Member of the Mpumalanga Provincial Legislature
- In office 2012–2019
- Premier: David Mabuza

Deputy speaker of the Mpumalanga Provincial Legislature
- In office 2014–2017

Head of the Mpumalanga Department of Human Settlements
- In office 2009–2013
- Premier: David Mabuza

Provincial deputy chairperson of the African National Congress in Mpumalanga
- In office December 2012 – December 2015

Personal details
- Born: Boy David Ditlaishego Dube 14 October 1960 (age 65) Lydenburg, Mpumalanga, South Africa

= David Dube =

South African politician (born 1960)

Boy David Ditlaishego Dube (born 14 October 1960 in Lydenburg) is a South African politician.
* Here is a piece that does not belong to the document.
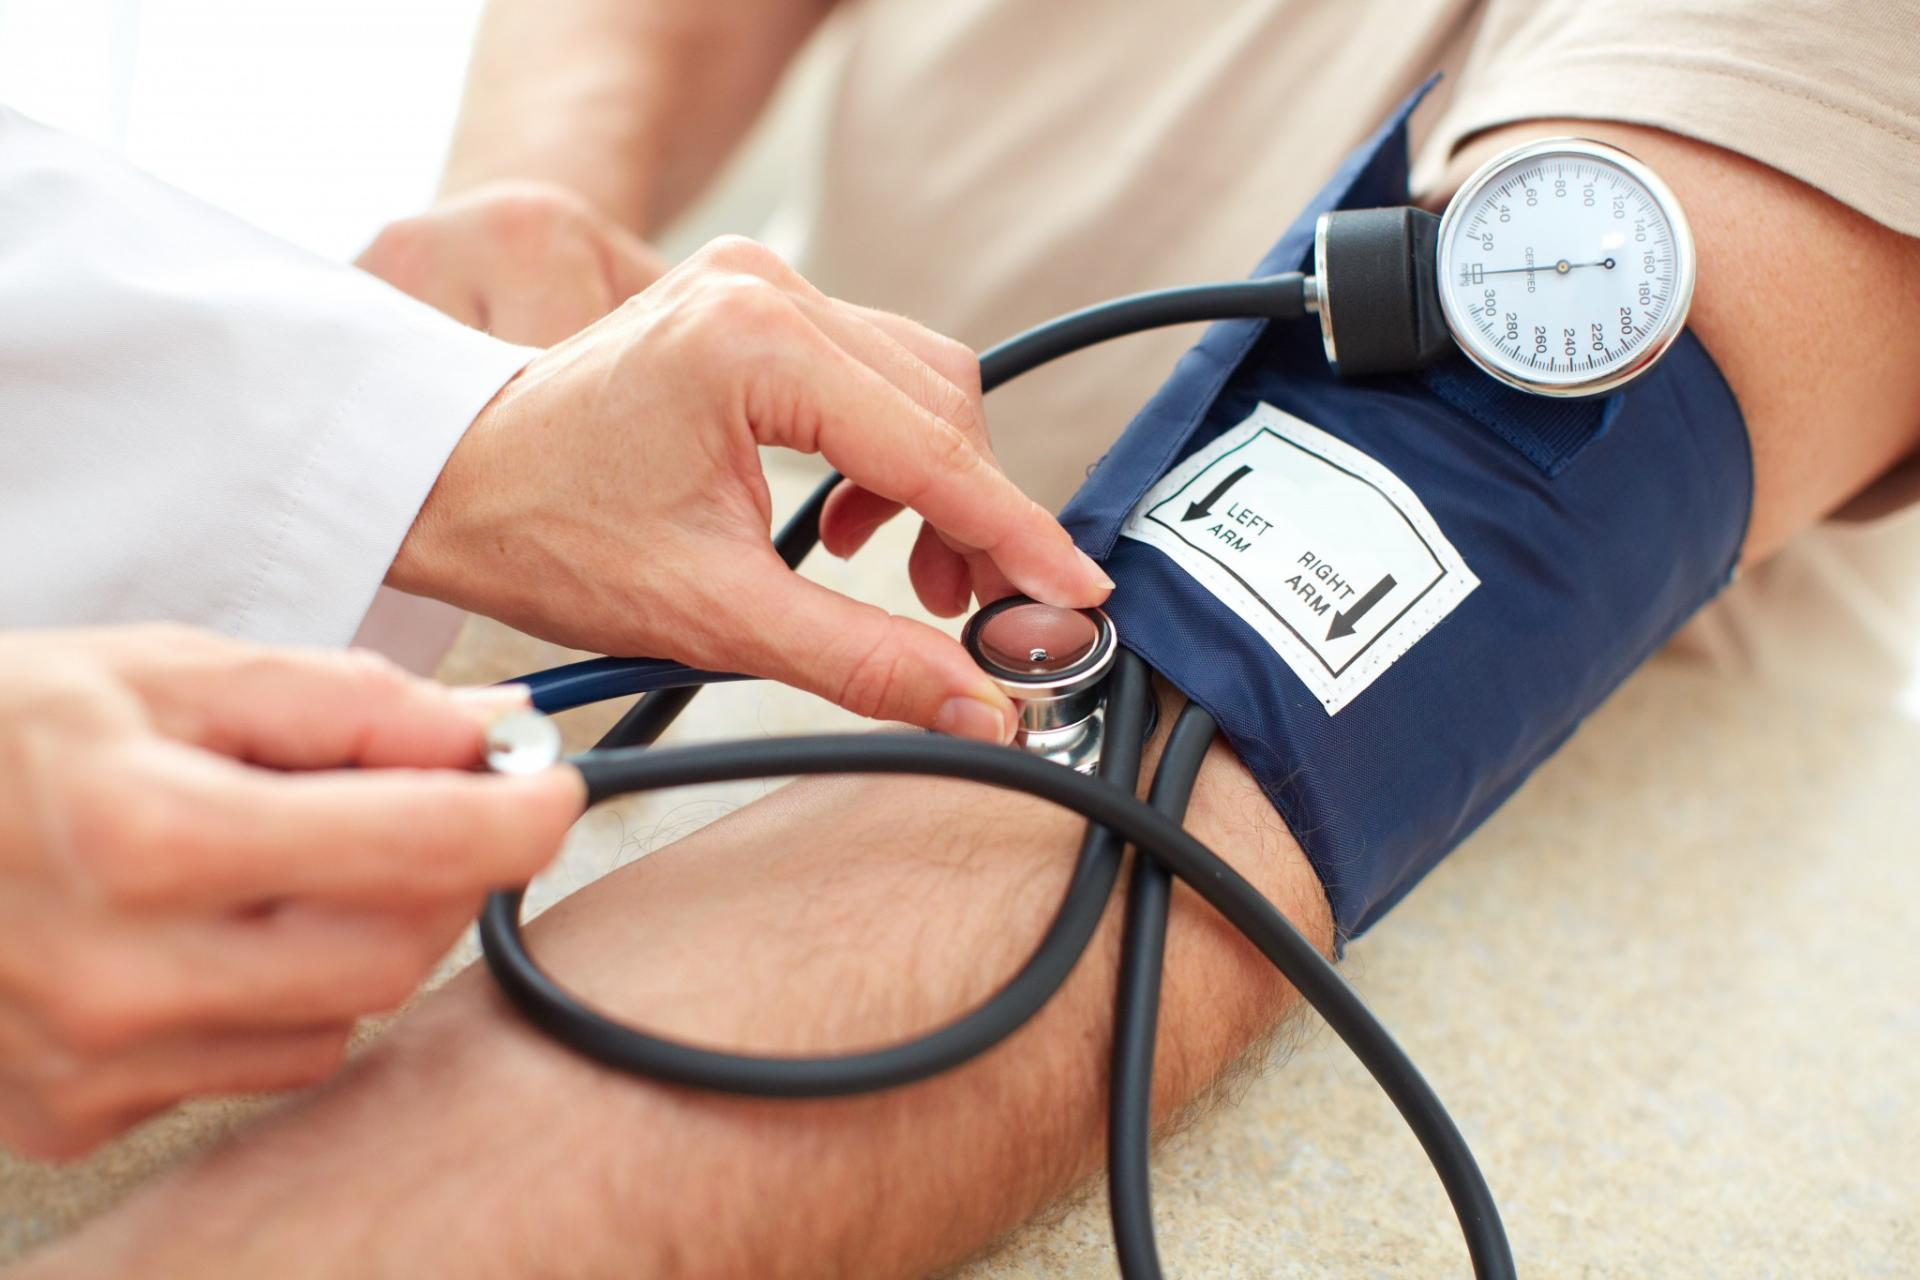 الفرق بين اعراض الضغط المنخفض والمرتفع

Dube deputised for David Mabuza while Mabuza served as provincial chairperson of the African National Congress in Mpumalanga from 2012 to 2015.

==Early life==

Dube was born in Lydenburg (now called Mashishing) on 14 October 1960. He matriculated at Burgersfort's Leolo High School in 1982 before obtaining a Diploma in Teaching from Mgwenya College in 1985 and was subsequently employed as a teacher at Kgahlanong High School where he taught history, Afrikaans and Business Economics.

==Education and career==

Dube is a politician for South Africa's African National Congress (ANC) since 1988 and served in various roles in regional positions before he was elected the party's deputy chairperson along with David Mabuza who became chairperson at that December 2012 elective congress.

He was a member of the South African Democratic Teachers Union (SADTU) since its founding in 1990 and was elected the secretary of the teacher's union in the Lydenburg area in 1992. In 1995, he was elected to chair the ANC in the then Witbank region in 1995 and the Ehlanzeni region in 2001. In 2005, he served as an elected member of the then Bohlabelo ANC executive regional body.

Dube was one of the executives of the provincial Human Settlements Department that included Peter Nyoni and Bongani Bongo who David Mabuza refused to renew their contracts in 2013. Mabuza who was Premier of Mpumalanga then said the reason for not renewing the contracts was because the three focused too much on politics and failed to deliver services to the poor.

He was one of the politicians nominated by ANC branches to contest Mabuza for post of provincial chair at a 2015 provincial congress, but lost when Mabuza emerged unopposed. He threw the hat in the ring again in 2022 but didn't receive enough votes to stand for nomination, leading to the conference to be a two-way race between Mandla Ndlovu and Lucky Ndinisa. Ndlovu won the conference.

Dube holds a PhD in Public Administration from the University of Fort Hare. Others of his qualifications include a master's degree in Public Administration from the University of Pretoria (2005), BA honours (education) from Nelson Mandela Bay University (2002), Tech Degree in Education Management as well as other qualifications in local government, project management, training and co-councillor training.

==Criminal charges and acquittal==
===Arrest===
Dube was arrested in October 2020 and charged with four counts of money-laundering and one of contravening the Public Finance Management Act - charges seen as politically motivated and which emanated from alleged corrupt government land deals in the purchase of two farms, one in Emalahleni and another one in Ermelo in 2010. alleged that the cost of the two farms had been deliberately inflated during procurement. Dube was the head of the Mpumalanga Department of Human Settlements when the deal was entered into. He was arrested with a string of others - businessmen, lawyers and relatives of politicians, including Bongani Bongo, his ex-wife and his brother Joel Bongo.

===Acquittal===
In December 2024, Dube was acquitted of all corruption charges by the Middelburg Specialised Commercial Crimes Court. The court found no evidence warranting conviction and all accused were acquitted.

Following the acquittal, Dube stated that the charges were politically motivated and had significantly impacted his personal and political life. He said that the case had deliberately been put against him to hinder his bid to become the African National Congress (ANC) provincial chairperson in Mpumalanga.